Dans ce deuxième cours, nous nous sommes intéressés à la perception de la hauteur tonale, ou pitch, trait essentiel de la perception musicale. C’est l’un des traits les plus étudiés de la perception auditive. Les mécanismes de la détection du pitch sont en grande partie déterminés par la physiologie cochléaire.

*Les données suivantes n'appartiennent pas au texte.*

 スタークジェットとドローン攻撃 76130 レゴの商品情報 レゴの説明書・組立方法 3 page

Dans un premier temps, nous avons passé en revue les données psychoacoustiques sur la perception du pitch. La sensation de hauteur tonale a été introduite en prenant pour exemple les sons harmoniques complexes émis par des instruments de musique, et leur représentation spectro-temporelle. Après avoir rappelé la décomposition de Joseph Fourier d’un son périodique comme une superposition de sons harmoniques (sons de fréquences multiples d’une même fréquence fondamentale), nous avons discuté des propriétés d’invariance du pitch des sons harmoniques complexes (par rapport aux changements d’intensité des sons ou autres perturbations acoustiques), qui nous permettent de suivre la ligne mélodique d’un morceau comme la variation de la fréquence fondamentale en fonction du temps. Un des traits remarquables de cette invariance est le phénomène d’extraction de la fréquence fondamentale manquante, que nous avons illustré par des exemples de sons synthétiques.

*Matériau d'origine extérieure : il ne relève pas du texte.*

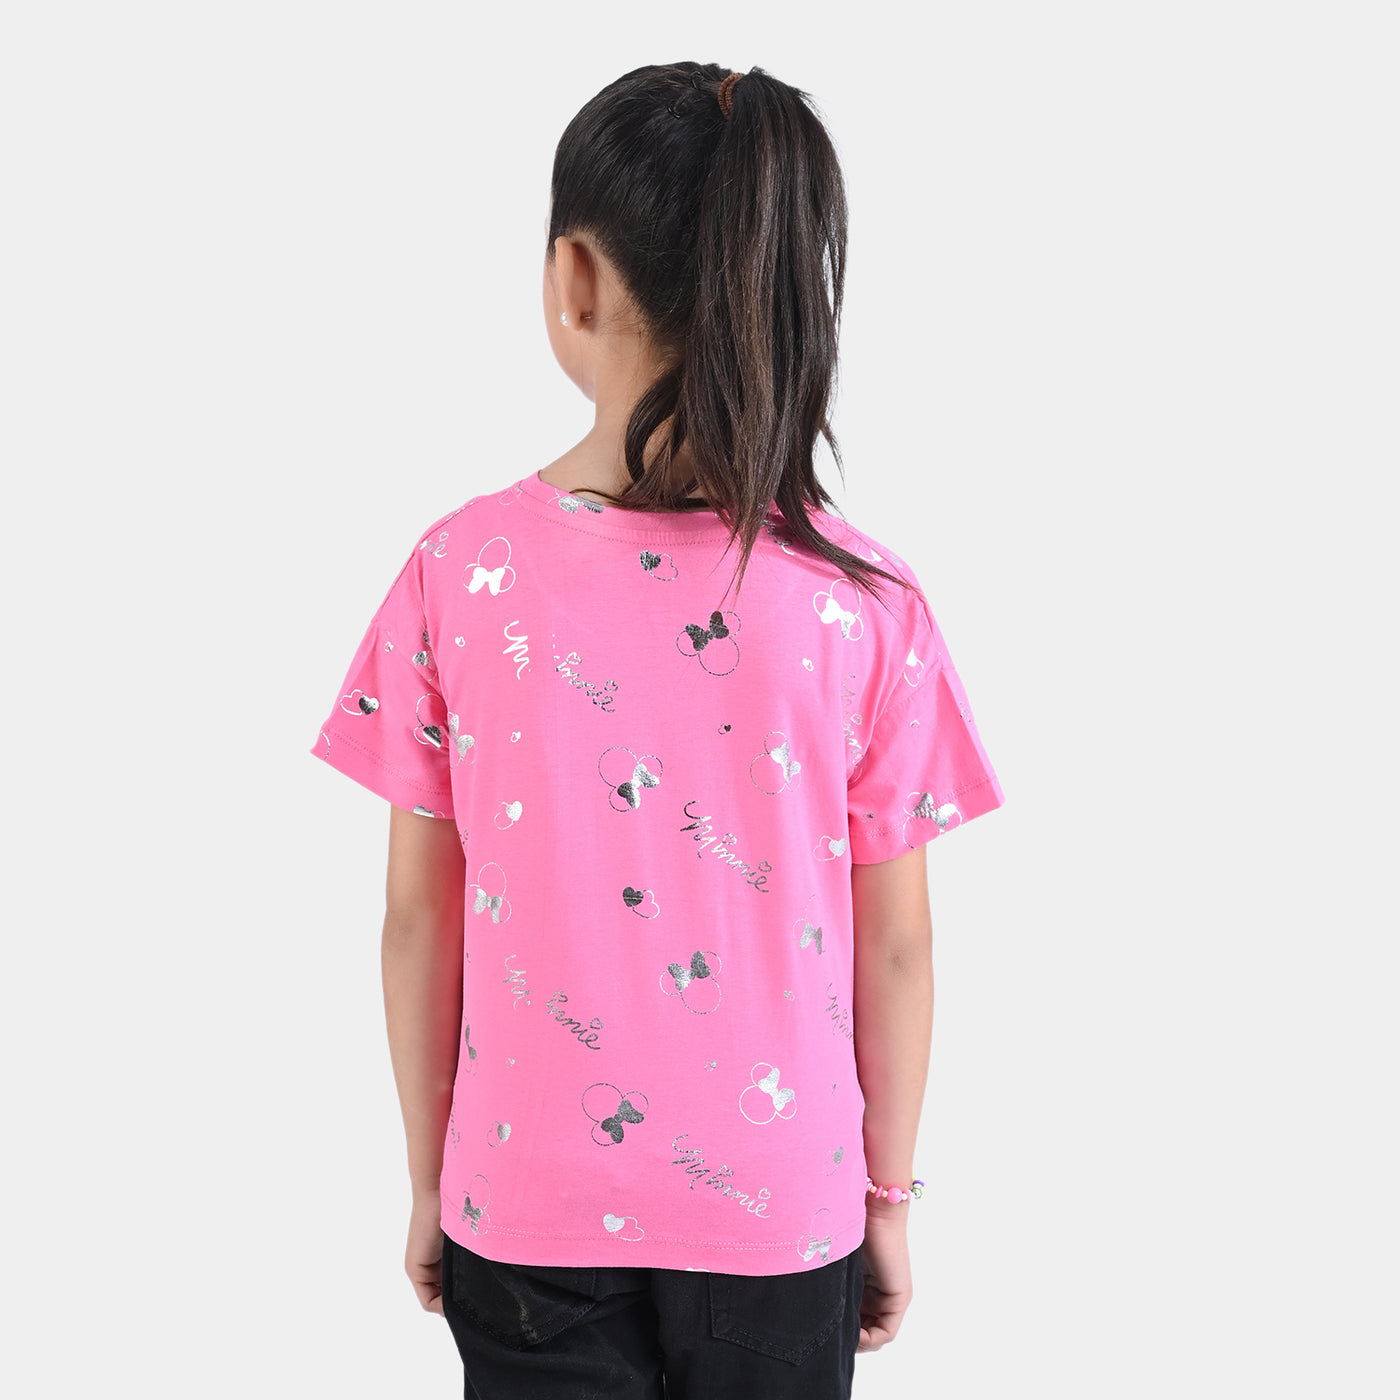 Girls Cotton Jersey T-Shirt H/S-Pink

Nous avons ensuite abordé la caractérisation psychoacoustique de la sensation de hauteur tonale, fondée sur la détermination des « bandes critiques » auditives et sur la distinction essentielle entre harmonique résolu et non résolu par le filtre cochléaire. Sur la base de cette caractérisation, deux principaux mécanismes de détection du pitch ont été discutés : l’extraction « temporelle » mettant en jeu le codage temporel des sons déjà décelable dans le nerf auditif et l’extraction « spectrale » impliquant la tonotopie cochléaire. Ces deux mécanismes se distinguent par des propriétés d’invariance différentes : l’extraction spectrale du pitch est largement insensible aux manipulations de phase des harmoniques, mais se trouve perturbée par des défauts d’harmonicité ; inversement, l’extraction temporelle est sensible aux manipulations de phases et peu sensible à aux distorsions du spectre. Ces différences sont au mieux mises en lumière par l’analyse des caractéristiques de la détection du pitch en relation avec le caractère résolu ou non résolu des harmoniques.

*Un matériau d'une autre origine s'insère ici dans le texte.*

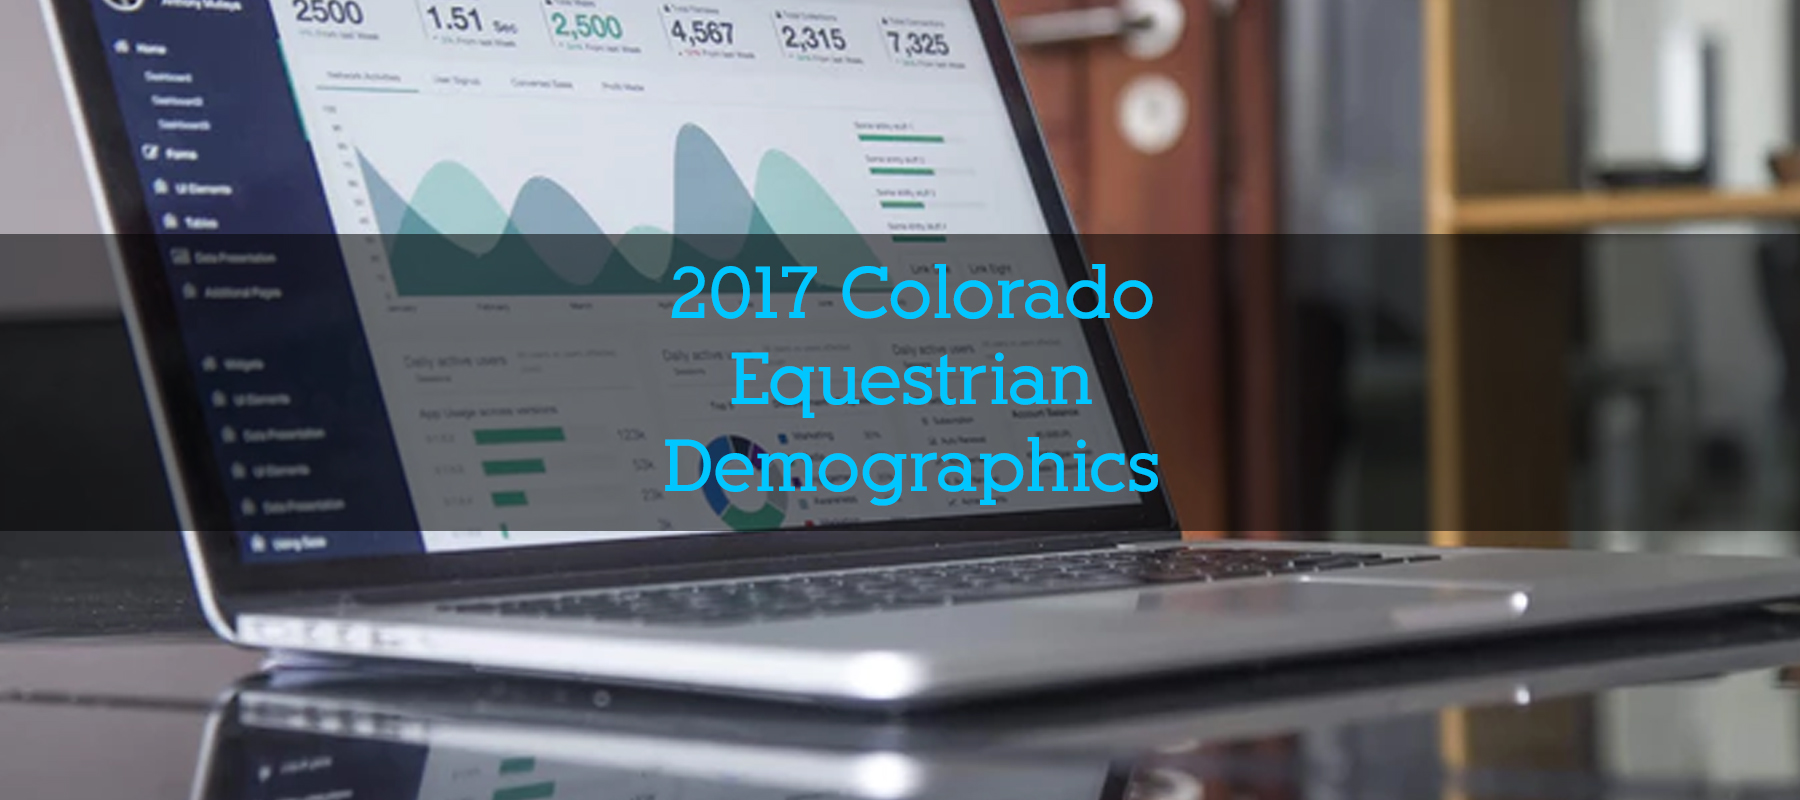 2017 Equestrian Demographics in Colorado

Dans la seconde partie, nous avons abordé les aspects centraux de la perception du pitch. Les recherches actuelles visent principalement à comprendre son codage au niveau du cortex auditif. Deux articles récents de Daniel Bendor, Michael Osmanski, Xiaoqin Wang, et d’autres (Bendor, Wang, 2005 ; Bendor et al., 2012 ; Song et al., 2016), ont été discutés, qui fournissent la première mise en évidence de neurones détectant spécifiquement le pitch au sein du cortex auditif. Ces études éclairent le débat sur les mécanismes temporel et spectral de l’extraction du pitch, en montrant l’existence de différents types de neurones du cortex auditif qui sont sensibles au pitch, mais dont les propriétés de réponse sont en accord soit avec l’un, soit avec l’autre mécanisme. Ces travaux fournissent la première démonstration expérimentale de l’existence d’un centre du pitch dans le cortex auditif primaire, situé au niveau de sa frontière antéro-latérale dans une région codant les basses fréquences sonores.